Deborah shuddered. Aye, the mystery had cleared, but only to enshroud her spirits anew and make her long with all her bursting heart and shuddering soul that death had been her portion before ever she had essayed to lift the veil held down so tightly by these two remorseful men.
But was her fault irremediable? The only unanswerable connection between this old crime and Oliver lay in the evidence she had herself collected. As she had every intention of suppressing this evidence, and as she had small dread of any one else digging out the facts to which she only possessed a clew, might she not hope that any suspicions raised by her inquiries would fall like a house of cards when she withdrew her hand from the toppling structure?
She would make her first effort and see. Mr. Black had heard her complaint; he should be the first to learn that the encouragement she had received was so small that she had decided to accept her present good luck without further query, and not hark back to a past which most people had buried.
XIX
ALANSON BLACK
“You began it, as women begin most things, without thought and a due weighing of consequences. And now you propose to drop it in the same freakish manner. Isn’t that it?”
Deborah Scoville lifted her eyes in manifest distress and fixed them deprecatingly upon her interrogator. She did not like his tone which was dry and suspiciously sarcastic, and she did not like his attitude which was formal and totally devoid of all sympathy. Instinctively she pushed her veil still further from her features as she deprecatingly replied:
“You are but echoing your sex in criticising mine as impulsive.
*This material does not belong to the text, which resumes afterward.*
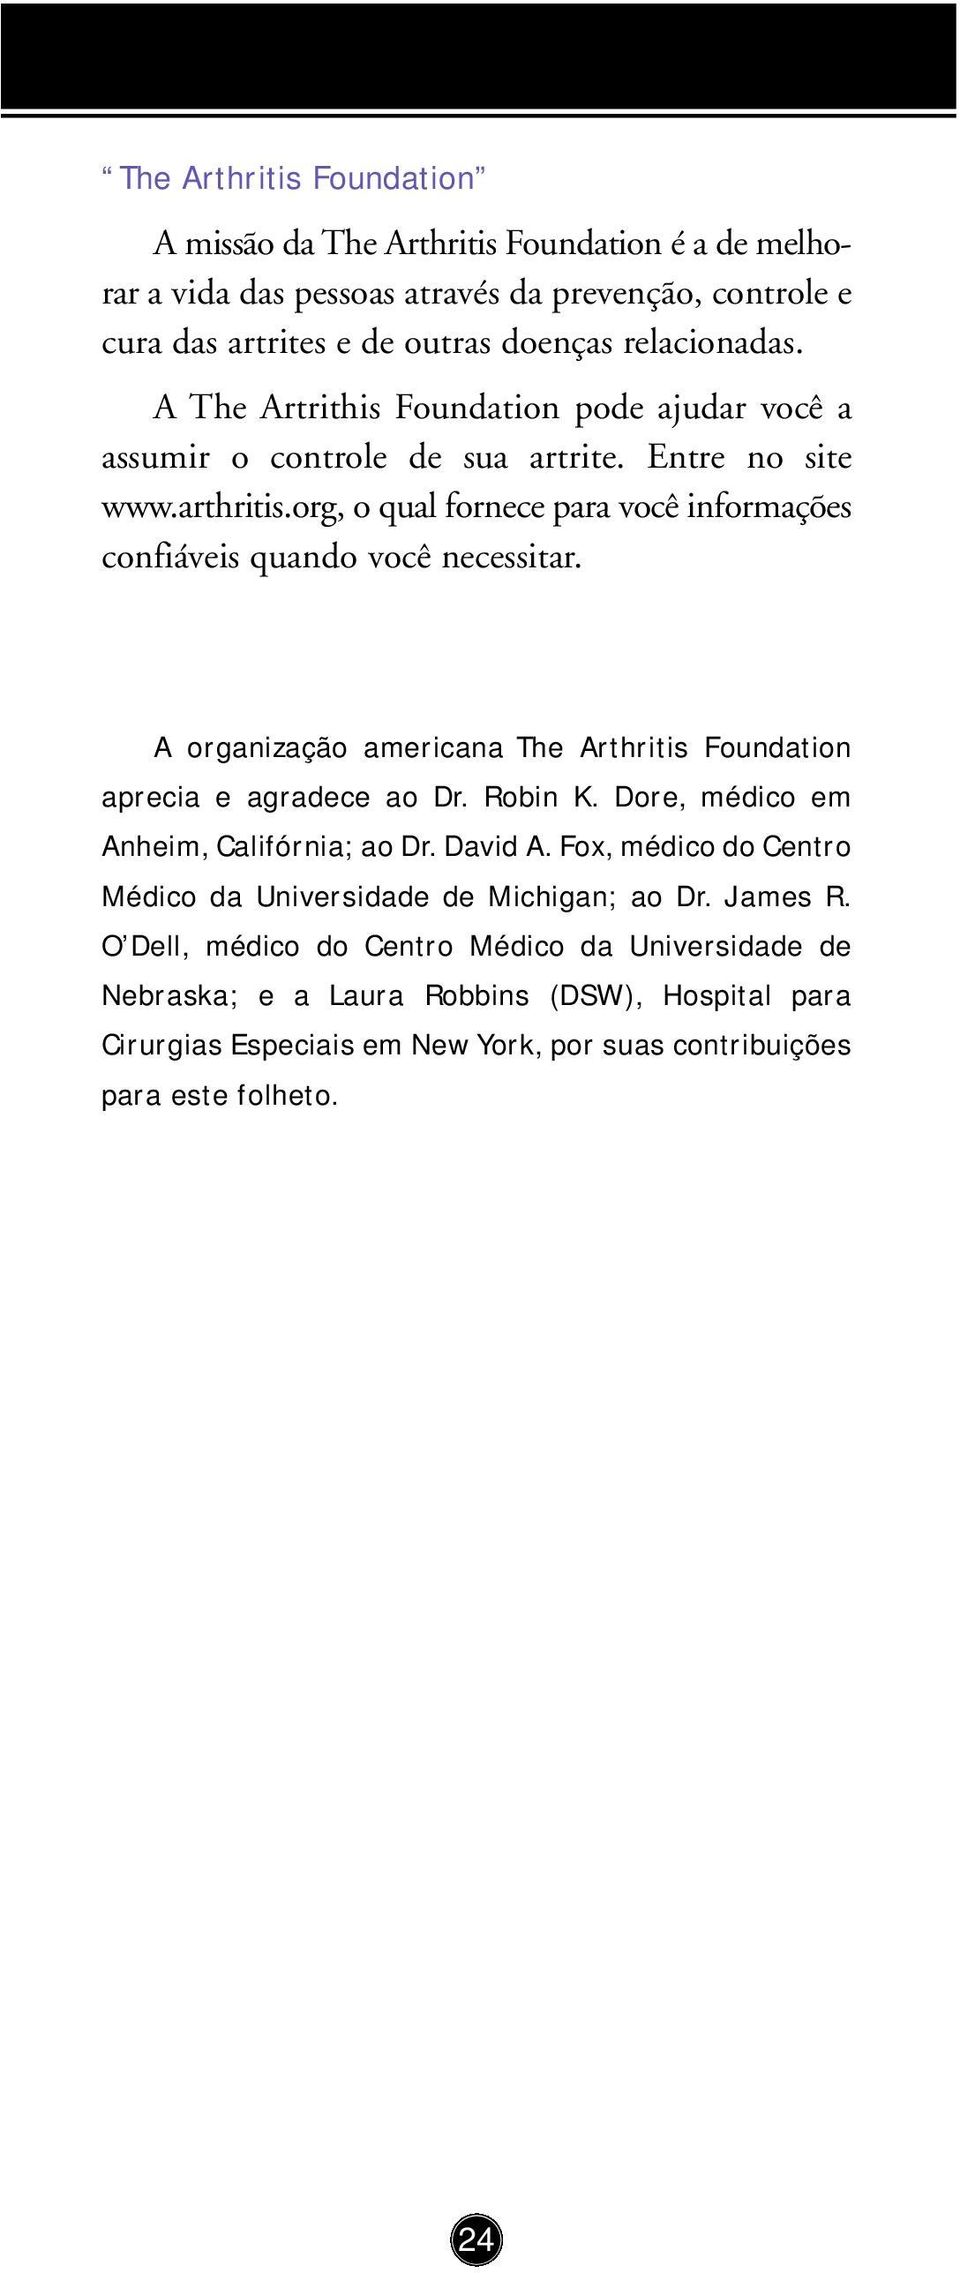 A organização americana The Arthritis Foundation aprecia e agradece ao Dr. Robin K. Dore, médico em Anheim, Califórnia; ao Dr. David A.

And you are quite within your rights in doing this. Women are impulsive; they are even freakish. But it is given to one now and then to recognise this fact and acknowledge it. I hope I am of this number; I hope that I have the judgment to see when I have committed a mistake and to stop short before I make myself ridiculous.”
The lawyer smiled,—a tight-lipped, acrid sort of smile which nevertheless expressed as much admiration as he ever allowed himself to show.
“Judgment, eh?” he echoed. “You stop because your judgment tells you that you were on the point of making a fool of yourself? No other reason, eh?”
“Is not that the best which can be given a hard-headed, clear-eyed lawyer like yourself? Would you have me go on, with no real evidence to back my claims; rouse up this town to reconsider his case when I have nothing to talk about but my husband’s oath and a shadow I cannot verify?”
“Then Miss Weeks’ neighbourliness failed in point? She was not as interesting as you had a right to expect from my recommendation?”
“Miss Weeks is a very chatty and agreeable woman, but she cannot tell what she does not know.”